The persecution of the Jews of Krakow began immediately when after the city was occupied by the Germans on 6 September 1939. Since Krakow was to be the seat of the occupation authorities, the Germans wanted the city to be cleansed of its Jews. Consequently they began to expel the Jews from Krakow, and by 1941, only 18,000 of the pre-war 60,000 community remained. They were put in a ghetto in a poor district. Factories were established in the overcrowded ghetto to take advantage of the Jewish manpower.
The deportations from Krakow began in May 1942. Hundreds of Jews were shot in the ghetto while the others were dragged out of their homes and put on trains to Belzec and Auschwitz-Birkenau. In March 1943 the ghetto was liquidated: the remaining 2,000 Jewish workers were taken to nearby Plaszow forced labor camp, and all the others were deported to Auschwitz.

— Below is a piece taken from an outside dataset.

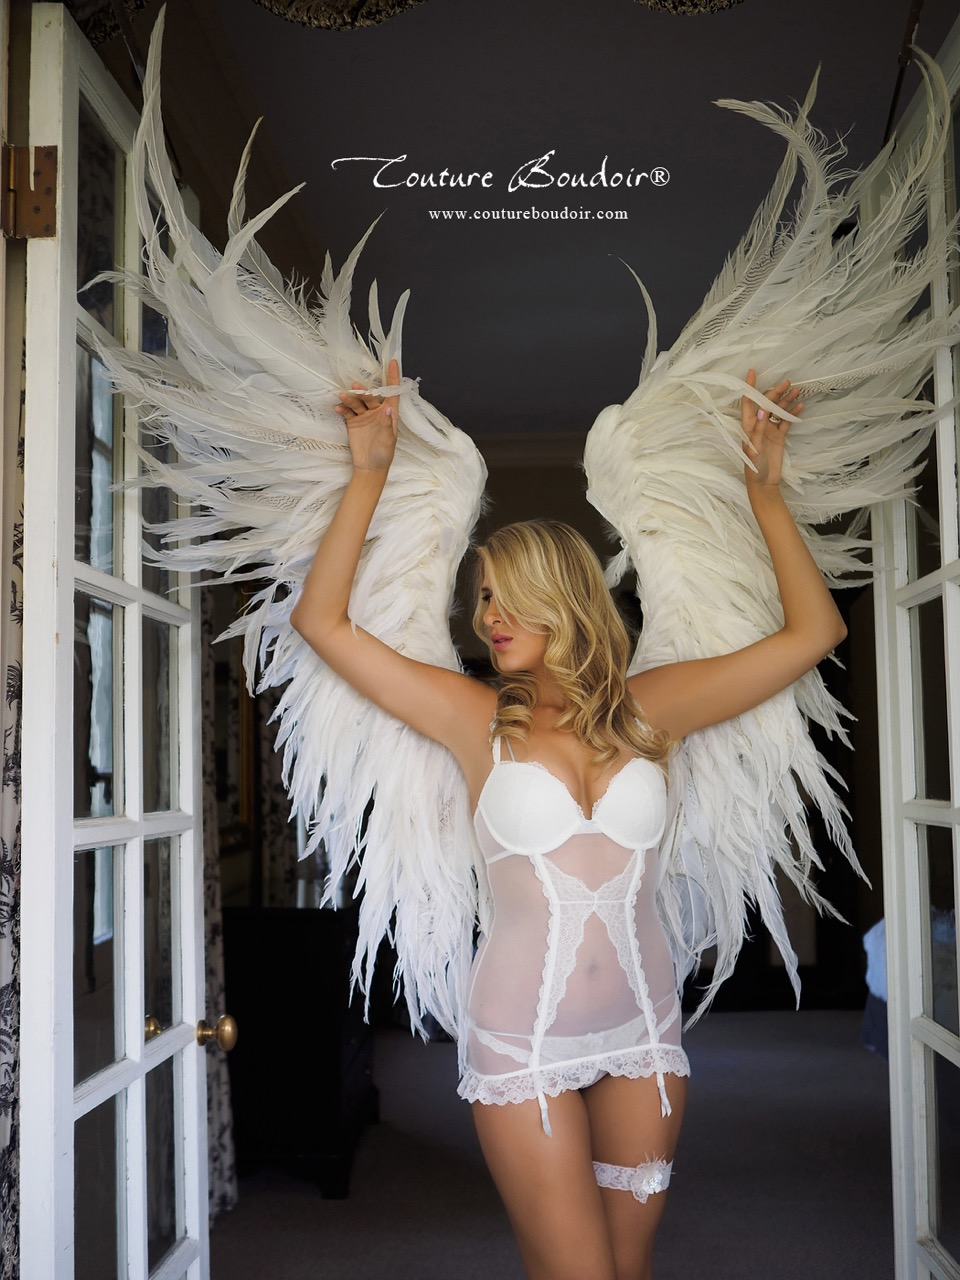 Messy Angel - $1500

The camp of Plaszow was established under the authority of the SS as a forced labor camp in a suburb of Krakow in 1942 .The site of the camp included two Jewish cemeteries. The camp was gradually expanded, until in 1944, when it became a concentration camp, it held over 20,000 inmates. Amon Goeth, who was the camp commander from March 1943 until September 1944, established an extremely brutal reign of terror, working the prisoners to death, conducting selections, and arbitrarily shooting inmates. It is from these horrors that Schindler protected the workers of his factory.